In this small example, we import a graph projection from the GDS library, that has the node properties "pagerank" and "componentId". We use the "pagerank" property to determine the size of the nodes, and the "componentId" property to color the nodes.

from graphdatascience import GraphDataScience
from neo4j_viz.gds import from_gds

gds = GraphDataScience(...)
G = gds.graph.project(...)

# Compute the PageRank and Weakly Connected Components
gds.pageRank.mutate(G, mutateProperty="pagerank")
gds.wcc.mutate(G, mutateProperty="componentId")

# Import the projection into a `VisualizationGraph`
# Make sure to include `pagerank` and `componentId`
VG = from_gds(
    gds,
    G,
    size_property="pagerank",
    additional_node_properties=["componentId"],
)

# Color the nodes by the `componentId` property, so that the nodes are
# colored by the connected component they belong to
VG.color_nodes("componentId")

Please see the :doc:`Visualizing Neo4j Graph Data Science (GDS) Graphs tutorial <./tutorials/gds-example>` for a more extensive example.

Neo4j Database

The neo4j-viz library provides a convenience method for importing data from Neo4j. It requires and additional dependency to be installed, which you can do by running:

pip install neo4j-viz[neo4j]

Once you have installed the additional dependency, you can use the :doc:`from_neo4j <./api-reference/from_neo4j>` method to import query results from Neo4j.

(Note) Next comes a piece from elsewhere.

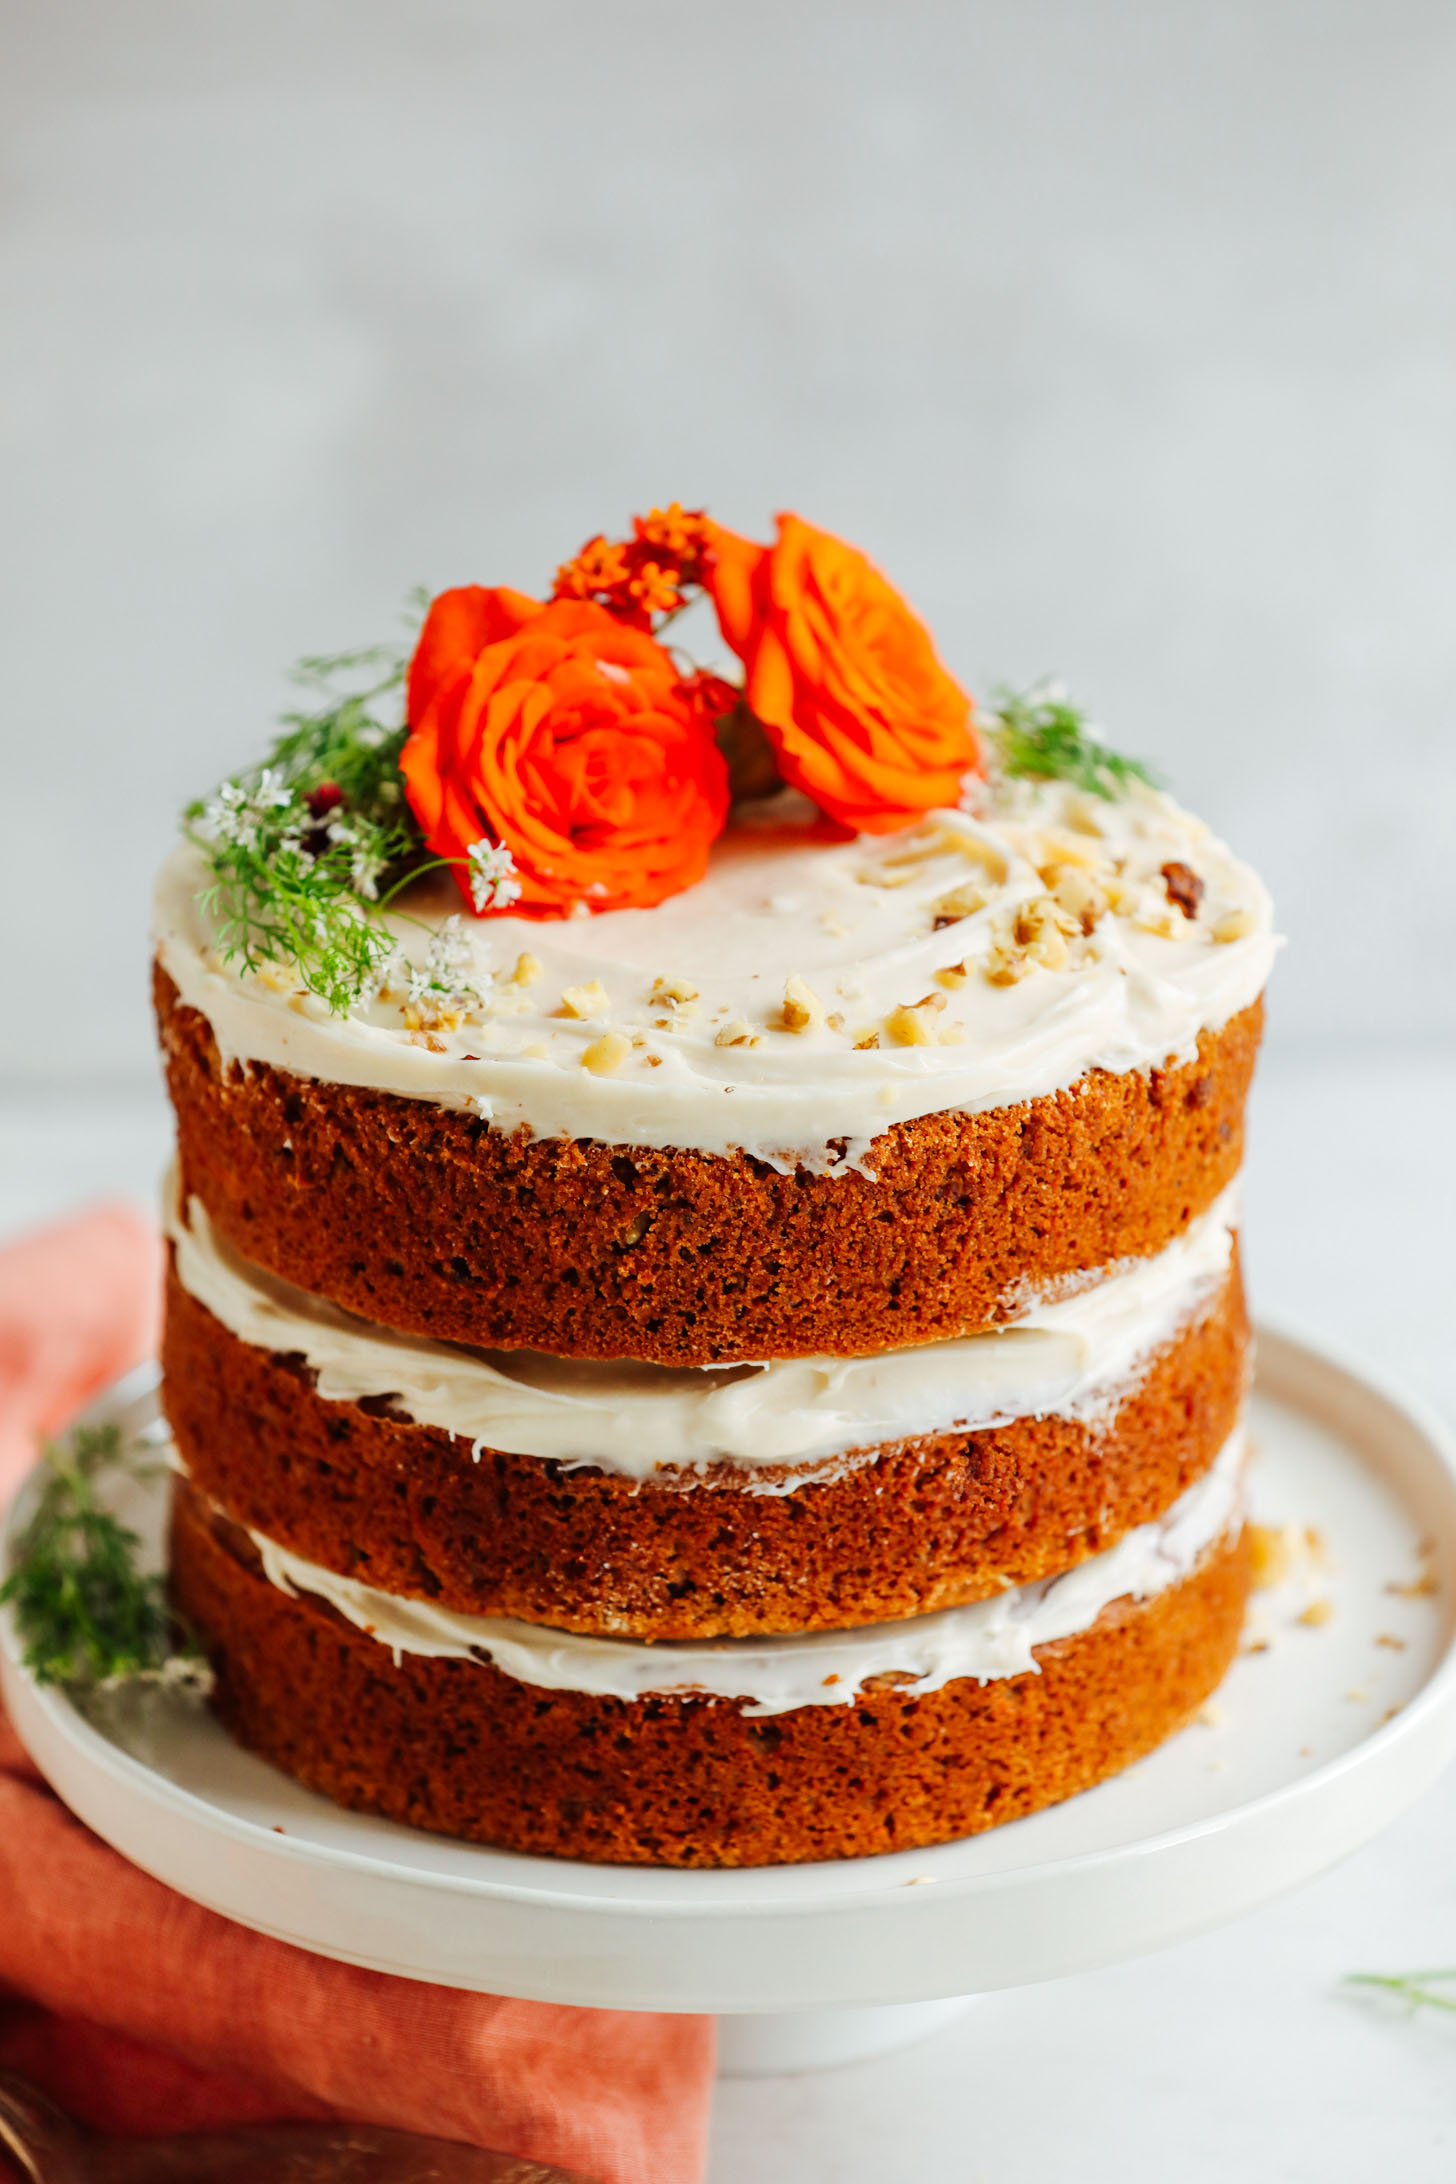 1-Bowl Vegan Gluten-Free Carrot Cake

The from_neo4j method takes one mandatory positional parameters:

  • A result representing the query result either in form of neo4j.graph.Graph or neo4j.Result.

The node_caption parameter is also optional, and indicates the value to use for the caption of each node in the visualization.

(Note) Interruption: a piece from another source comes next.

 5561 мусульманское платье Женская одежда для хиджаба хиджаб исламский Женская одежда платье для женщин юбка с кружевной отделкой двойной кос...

We can also provide an optional size_property parameter, which should refer to a node property of the projection, and will be used to determine the size of the nodes in the visualization.

The last optional property, node_radius_min_max, can be used (and is used by default) to scale the node sizes for the visualization. It is a tuple of two numbers, representing the radii (sizes) in pixels of the smallest and largest nodes respectively in the visualization. The node sizes will be scaled such that the smallest node will have the size of the first value, and the largest node will have the size of the second value. The other nodes will be scaled linearly between these two values according to their relative size. This can be useful if node sizes vary a lot, or are all very small or very big.

Example

In this small example, we import a graph from a Neo4j query result.

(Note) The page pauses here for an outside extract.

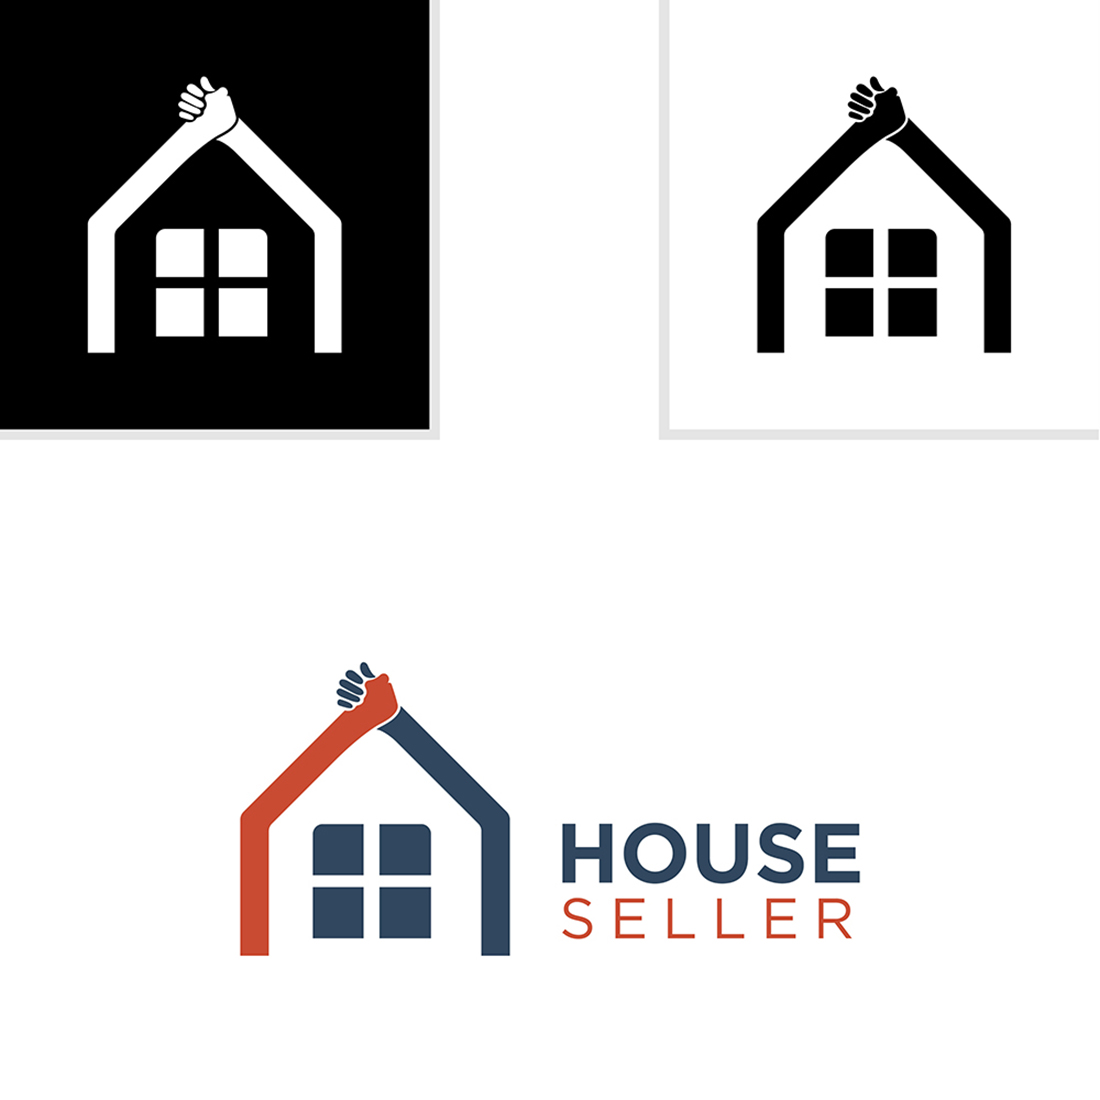 House Seller Logo Design cover.

from neo4j import GraphDataScience
from neo4j_viz.gds import from_gds

# Modify this to match your Neo4j instance's URI and credentials
URI = "neo4j://localhost:7687"
auth = ("neo4j", "password")

with GraphDatabase.driver(URI, auth=auth) as driver:
    driver.verify_connectivity()

    result = driver.execute_query(
        "MATCH (n)-[r]->(m) RETURN n,r,m",
        database_="neo4j",
        result_transformer_=Result.graph,
    )

VG = from_neo4j(result)

Please see the :doc:`Visualizing Neo4j Graphs tutorial <./tutorials/neo4j-example>` for a more extensive example.